§ **INSTRUCTIONS TO FOLLOW**:
Reproduce exactly, and only, the lines of the material below running from the line bearing "Schuhe imprägnieren im Test." through the line bearing "Teatru Publicznego i". Leave any pictures out.

§ **PROVIDED MATERIAL**:
---+---

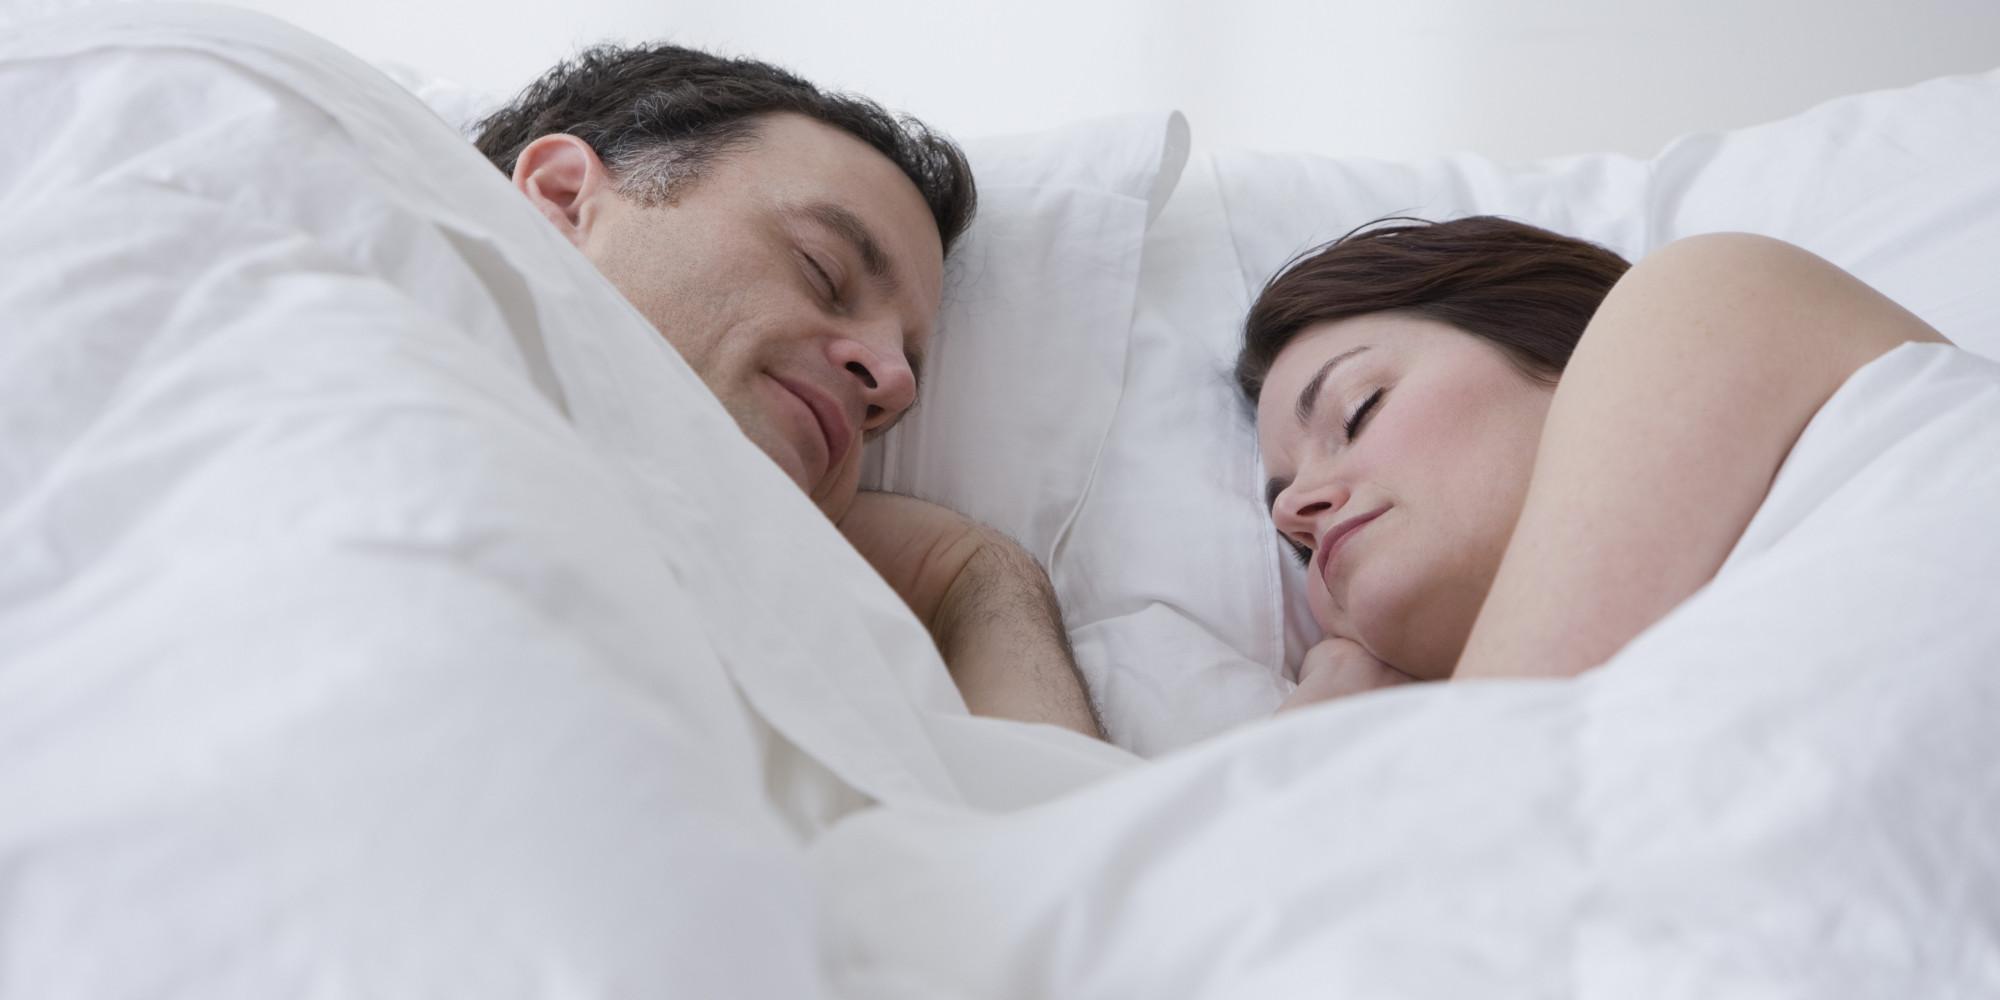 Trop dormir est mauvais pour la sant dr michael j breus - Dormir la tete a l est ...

---+---

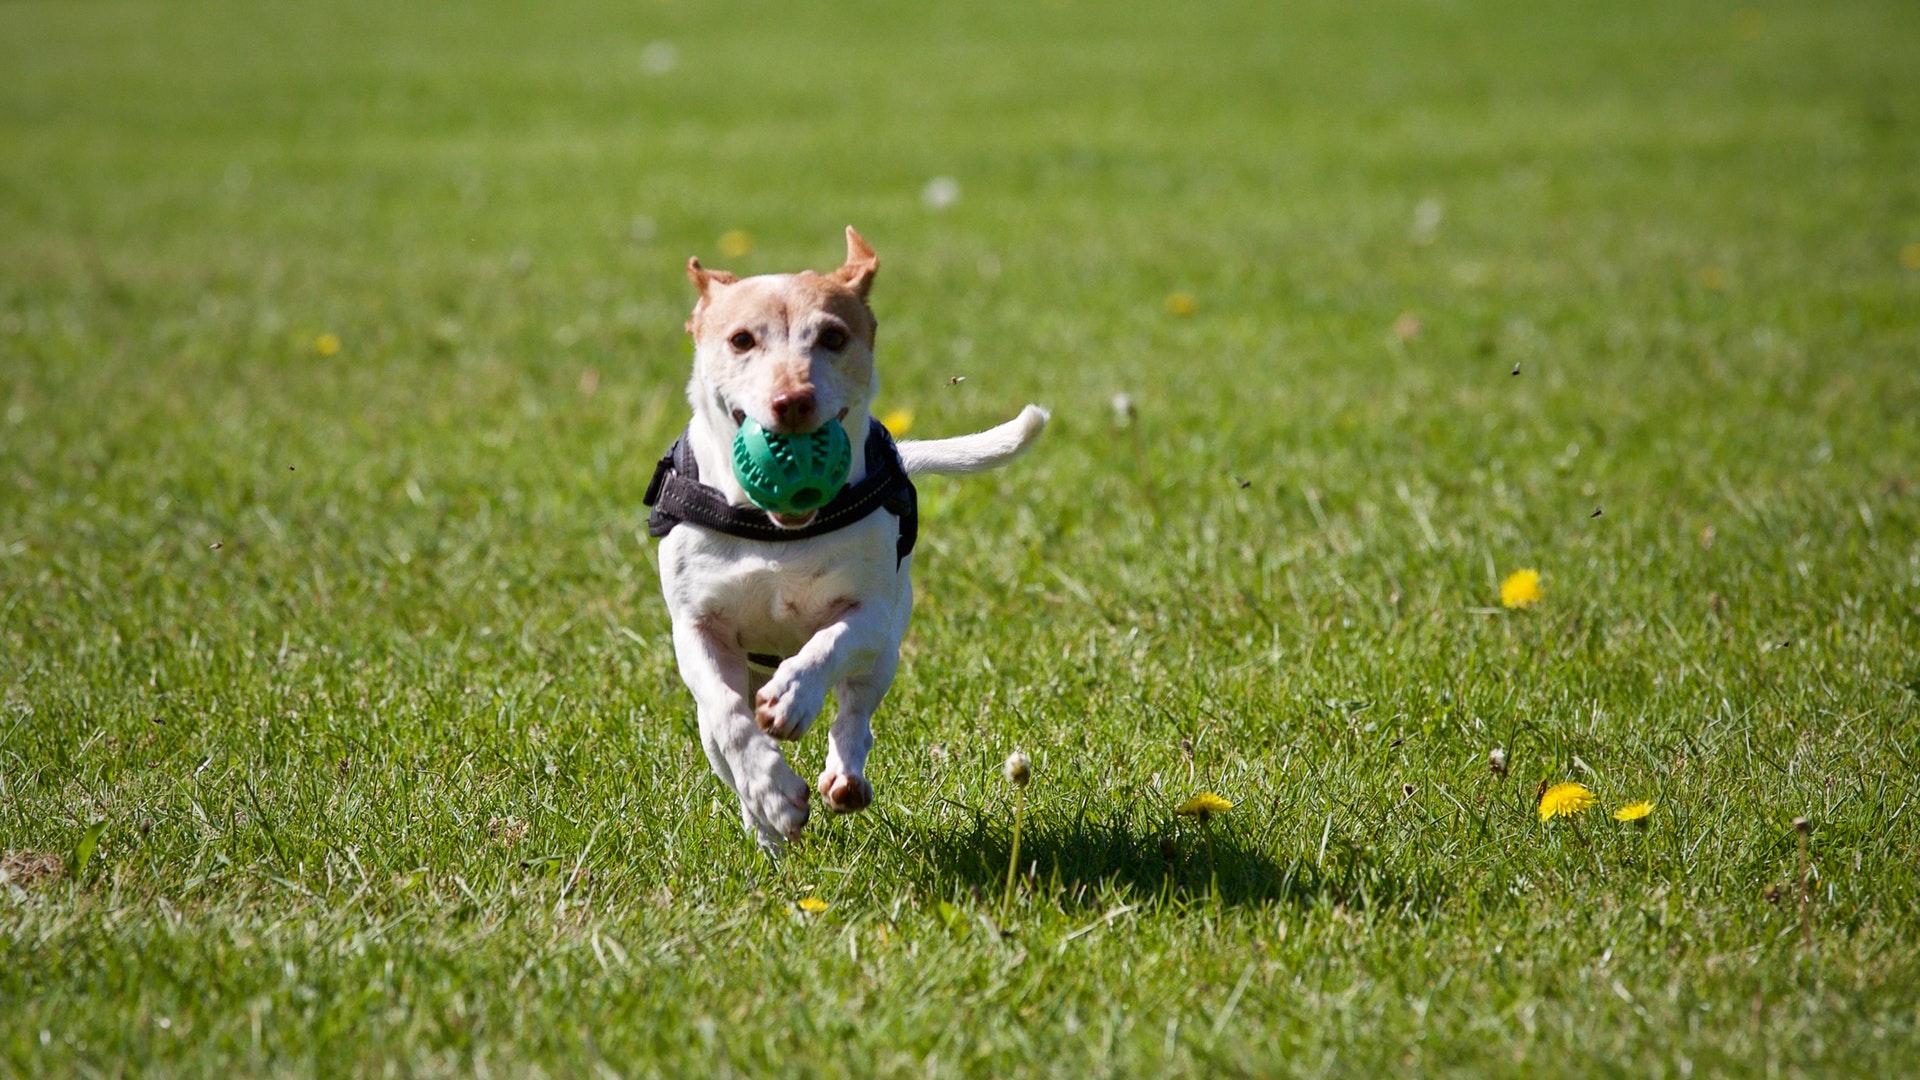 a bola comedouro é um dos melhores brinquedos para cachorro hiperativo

---+---

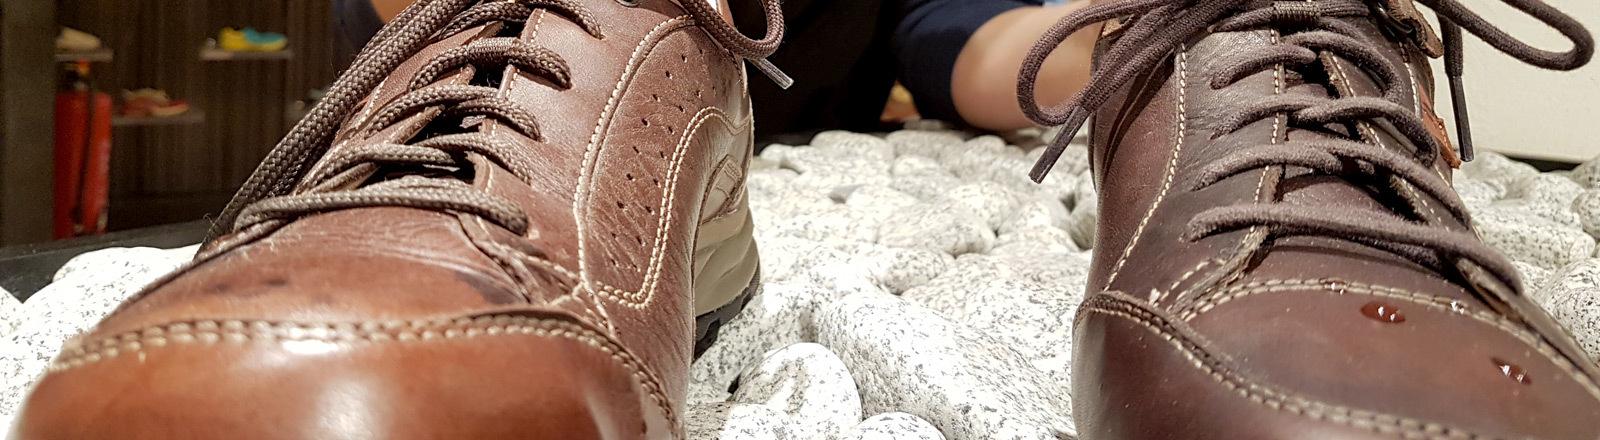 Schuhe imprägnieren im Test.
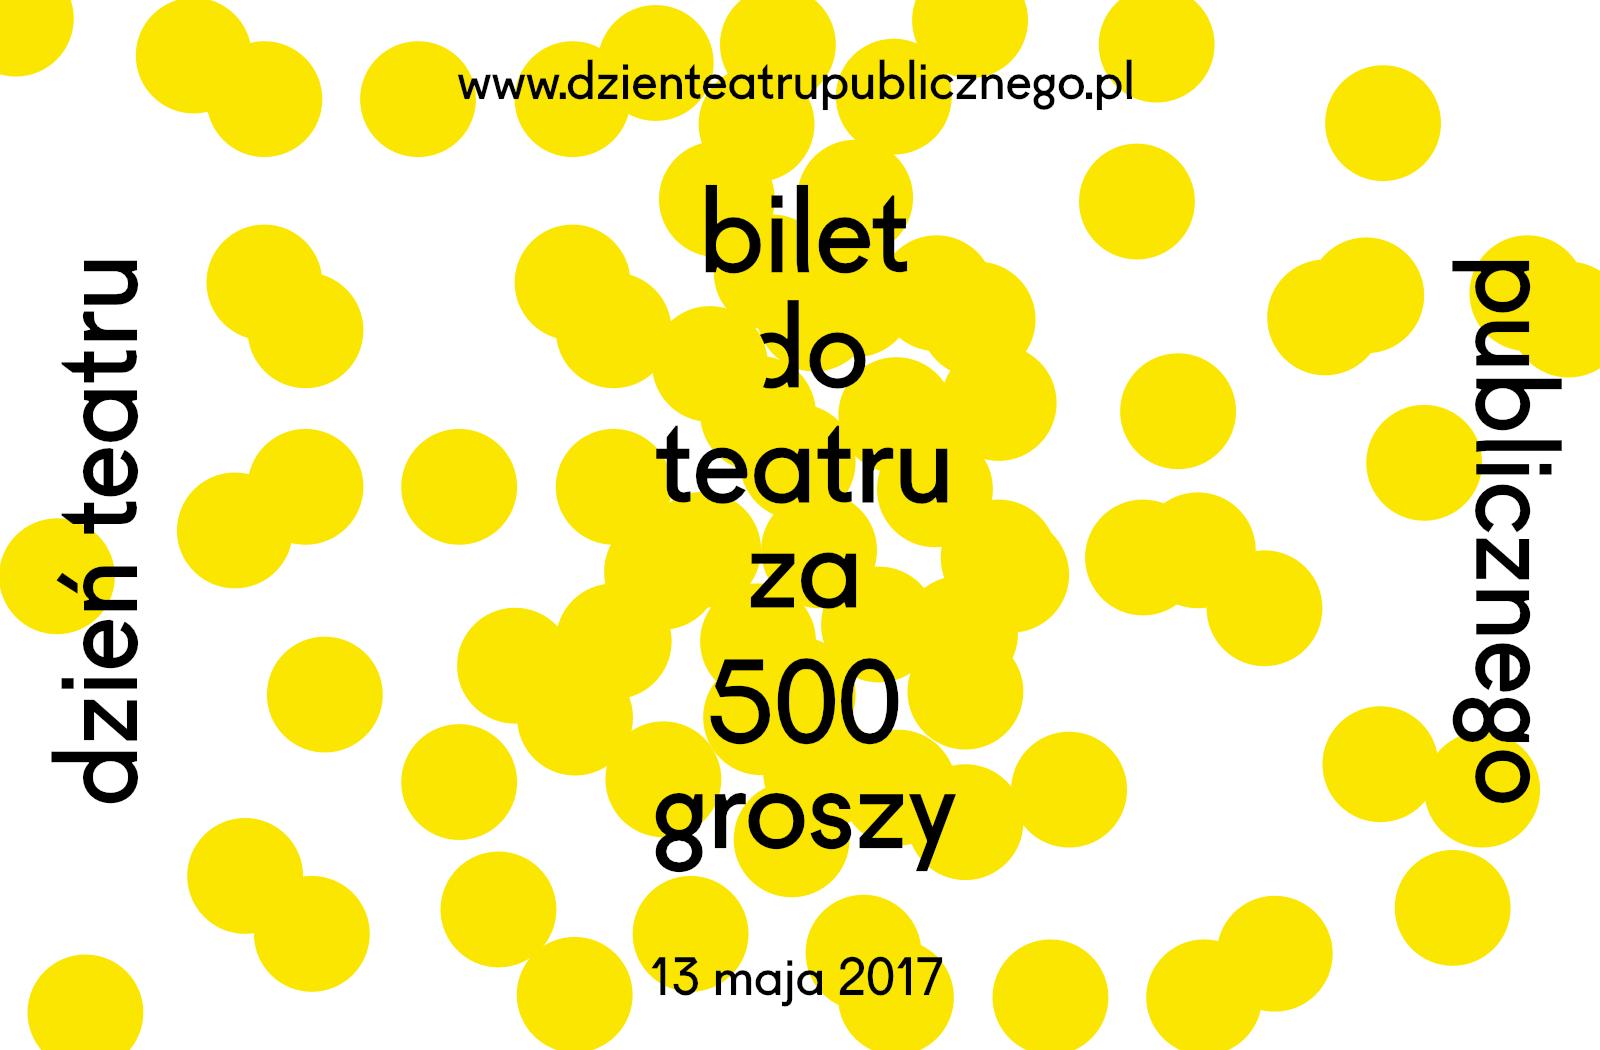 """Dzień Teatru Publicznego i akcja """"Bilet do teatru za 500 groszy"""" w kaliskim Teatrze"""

---+---

§ **RESPONSE TO THE TASK**:
 Schuhe imprägnieren im Test.
 """Dzień Teatru Publicznego i akcja """"Bilet do teatru za 500 groszy"""" w kaliskim Teatrze"""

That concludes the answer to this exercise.